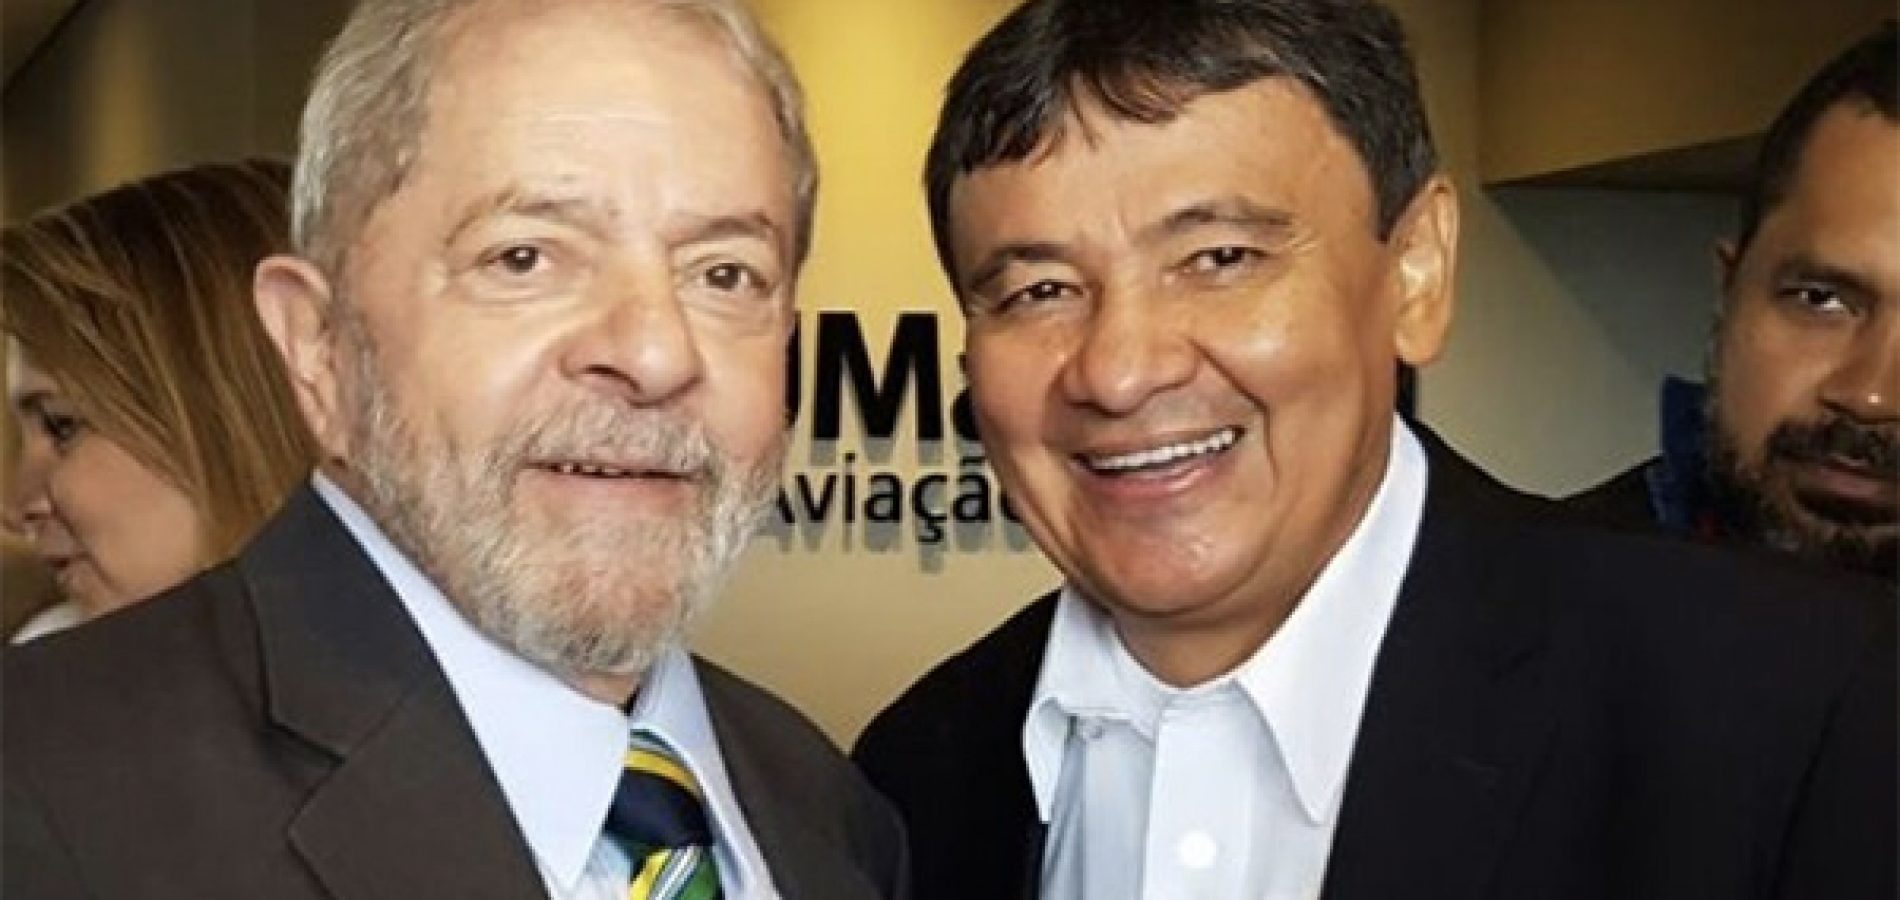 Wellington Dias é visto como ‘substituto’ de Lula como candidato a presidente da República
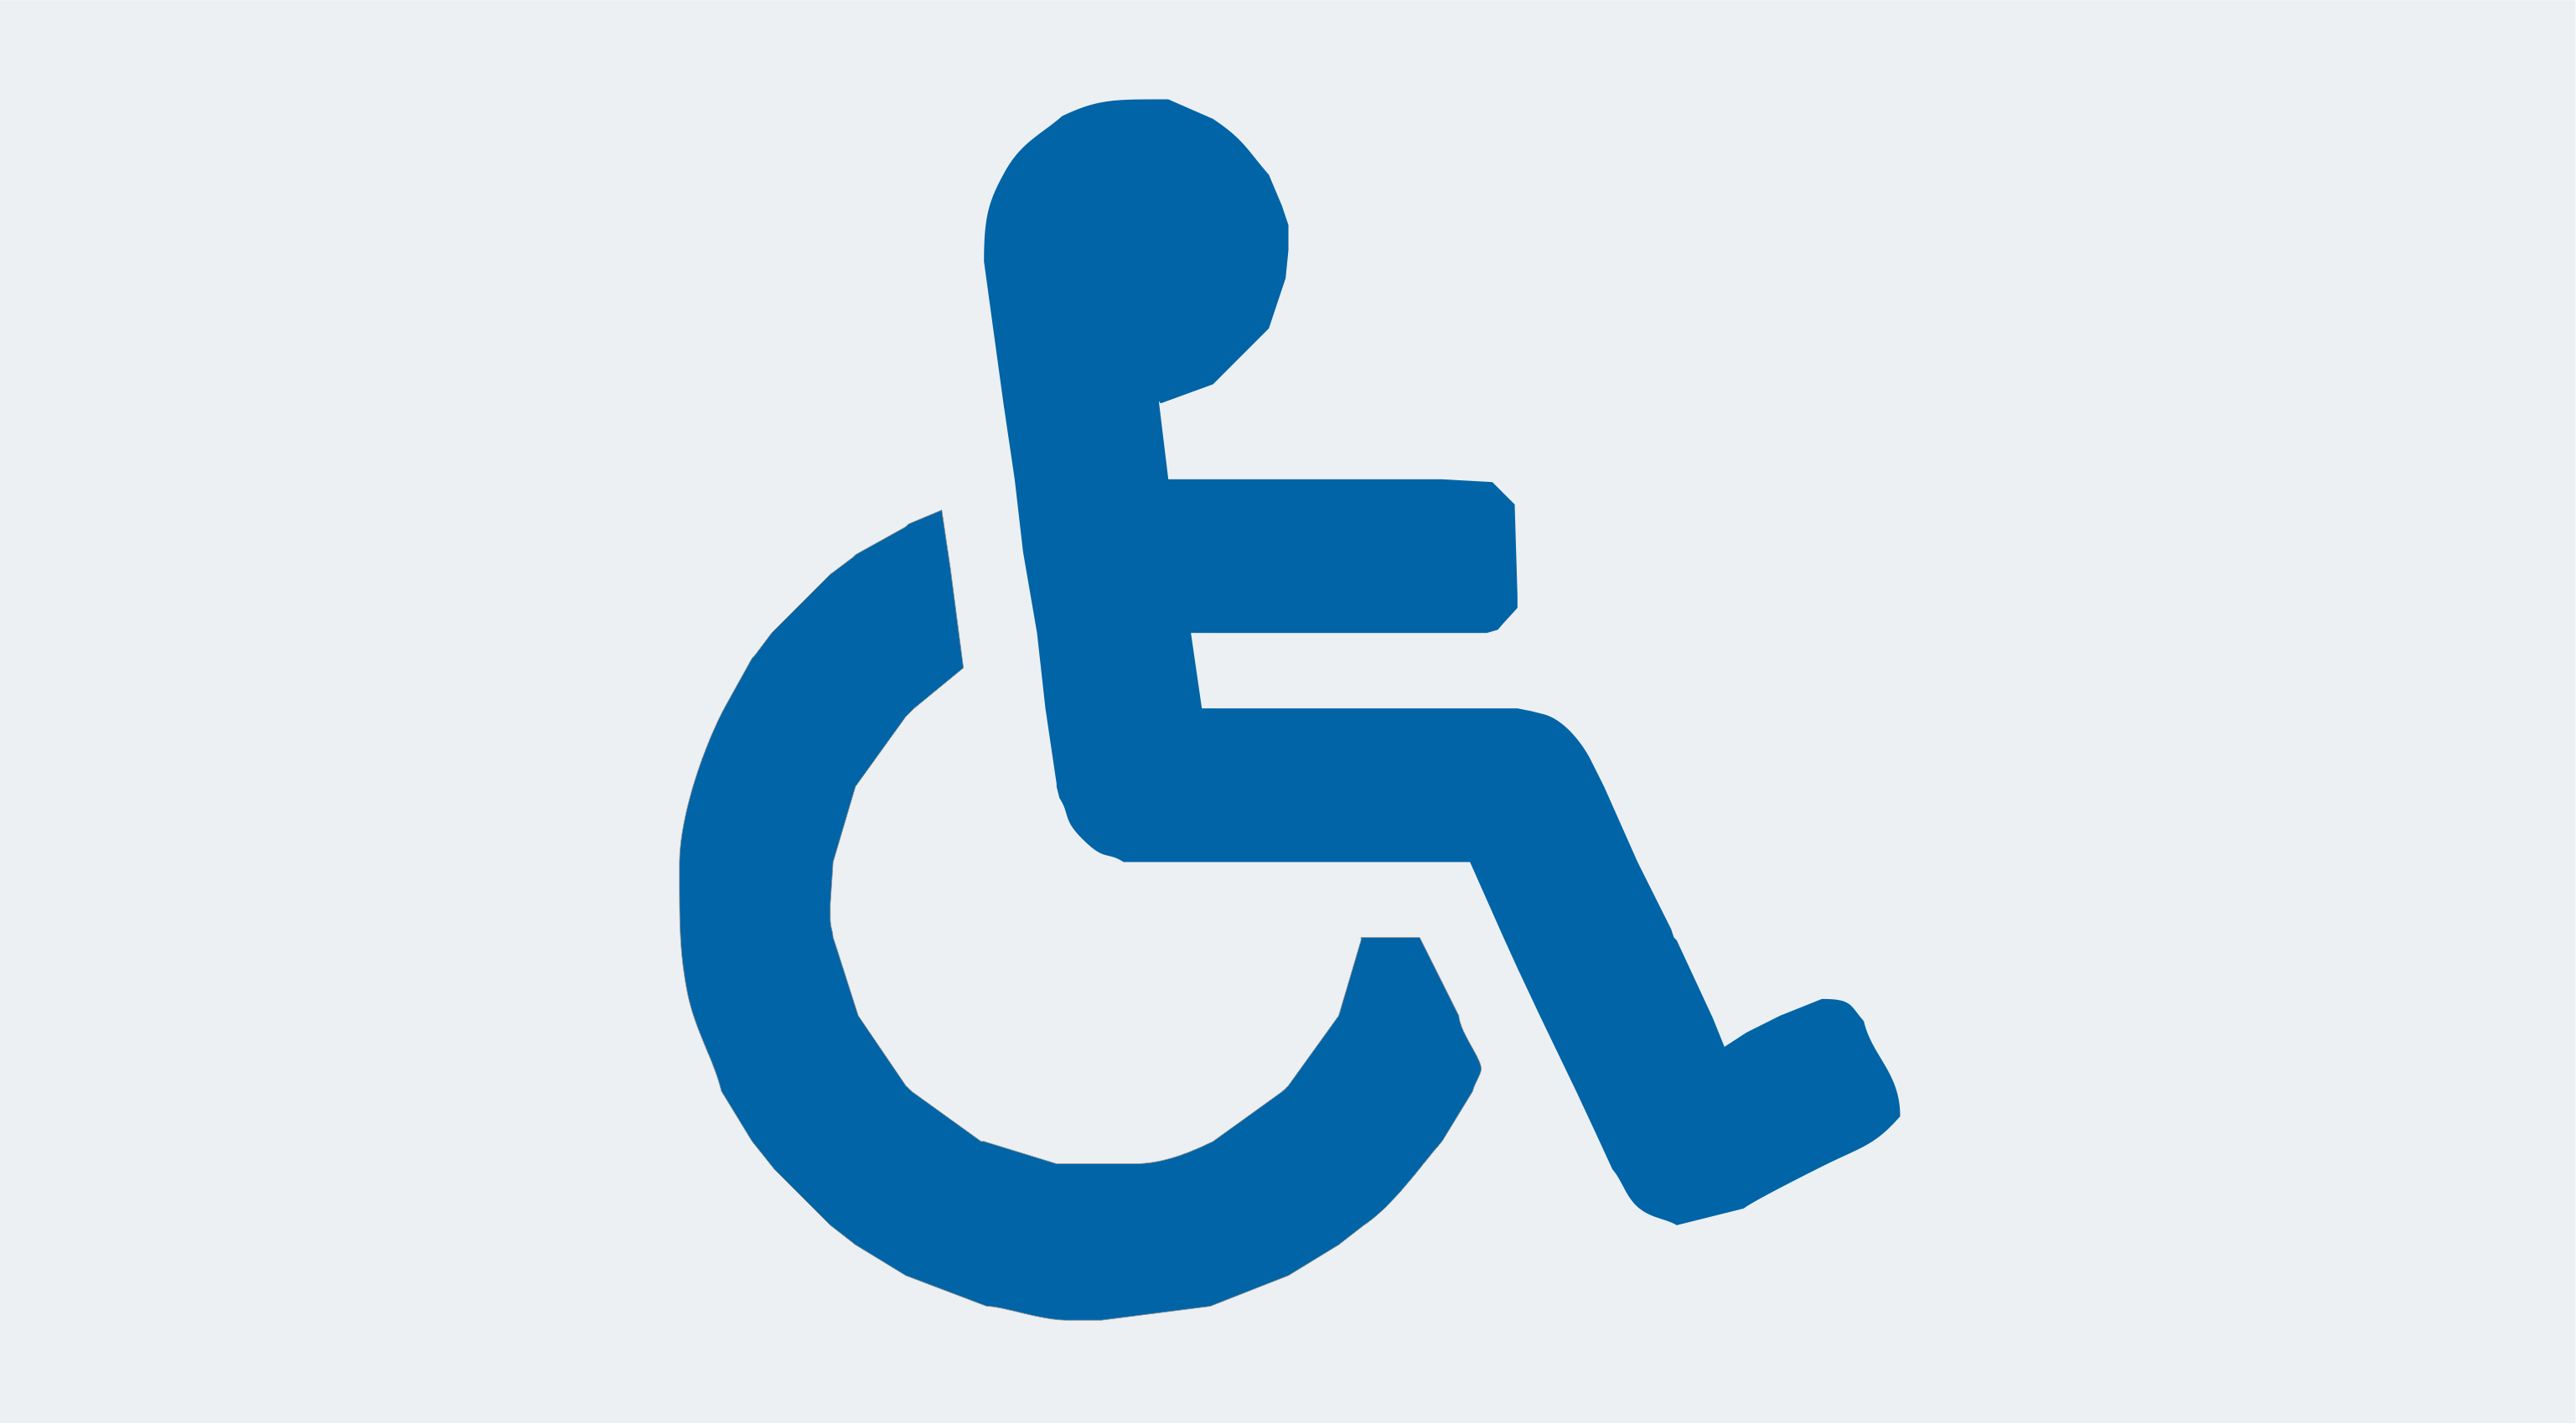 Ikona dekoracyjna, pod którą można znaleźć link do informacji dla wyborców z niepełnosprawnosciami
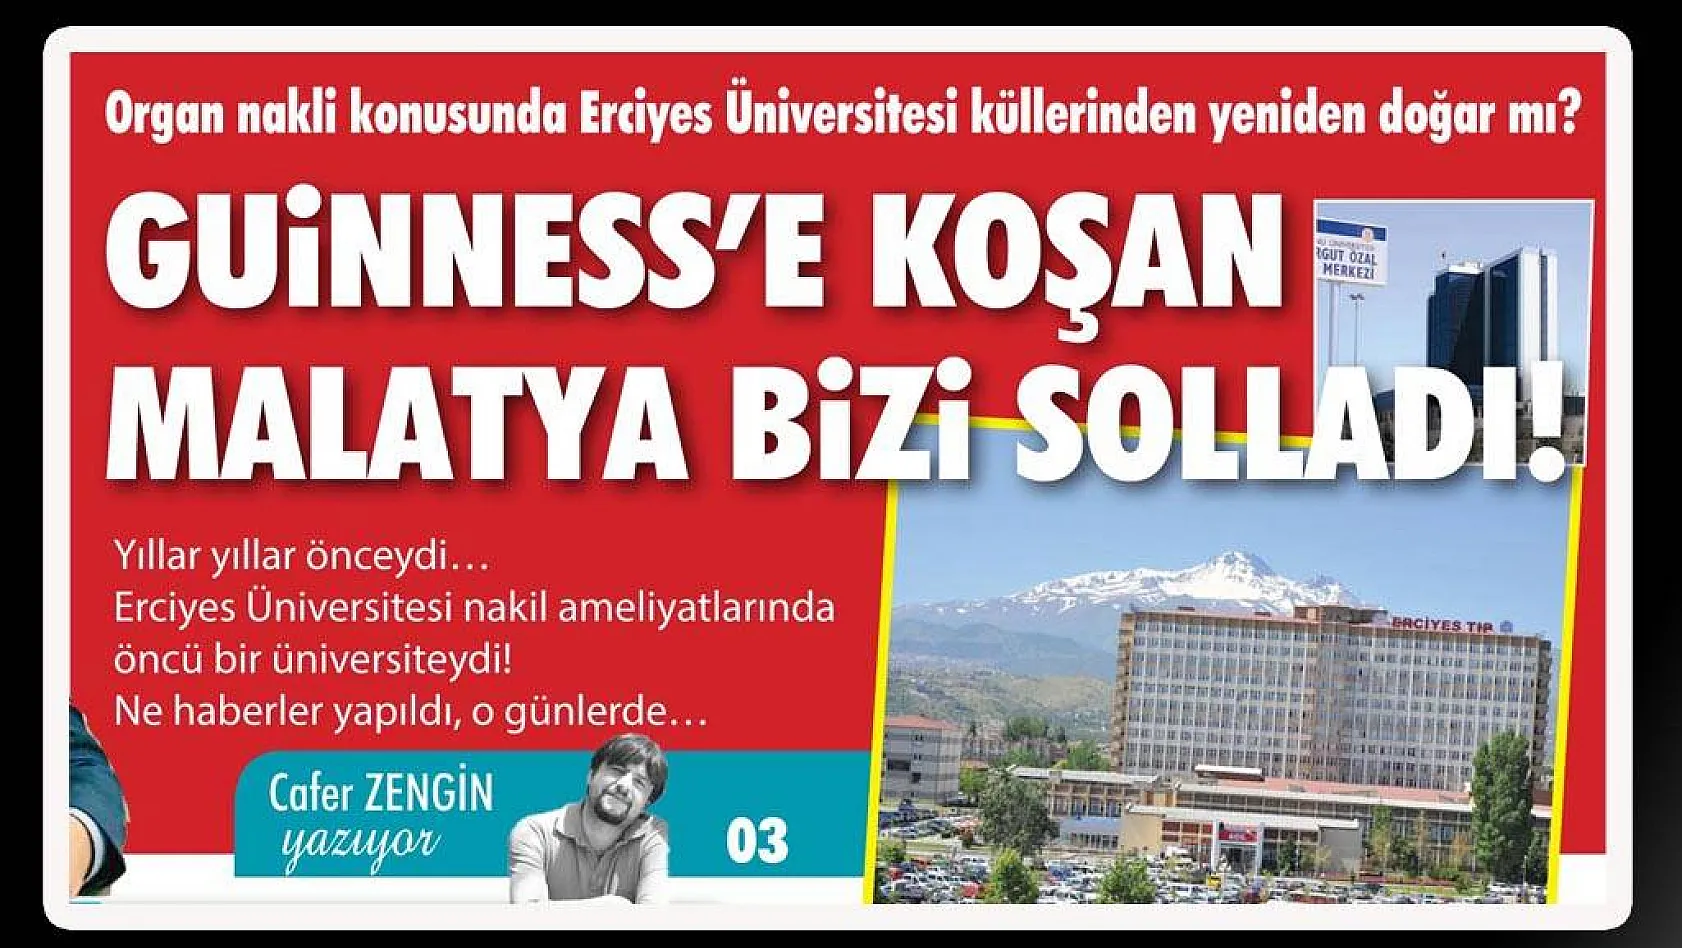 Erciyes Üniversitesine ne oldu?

-- WHAT NEEDS TO BE DONE --
Omit the pictures and repeat the rest of the listing verbatim.

-- RESPONSE AREA --
 Wellington Dias é visto como ‘substituto’ de Lula como candidato a presidente da República
 Ikona dekoracyjna, pod którą można znaleźć link do informacji dla wyborców z niepełnosprawnosciami
 Erciyes Üniversitesine ne oldu?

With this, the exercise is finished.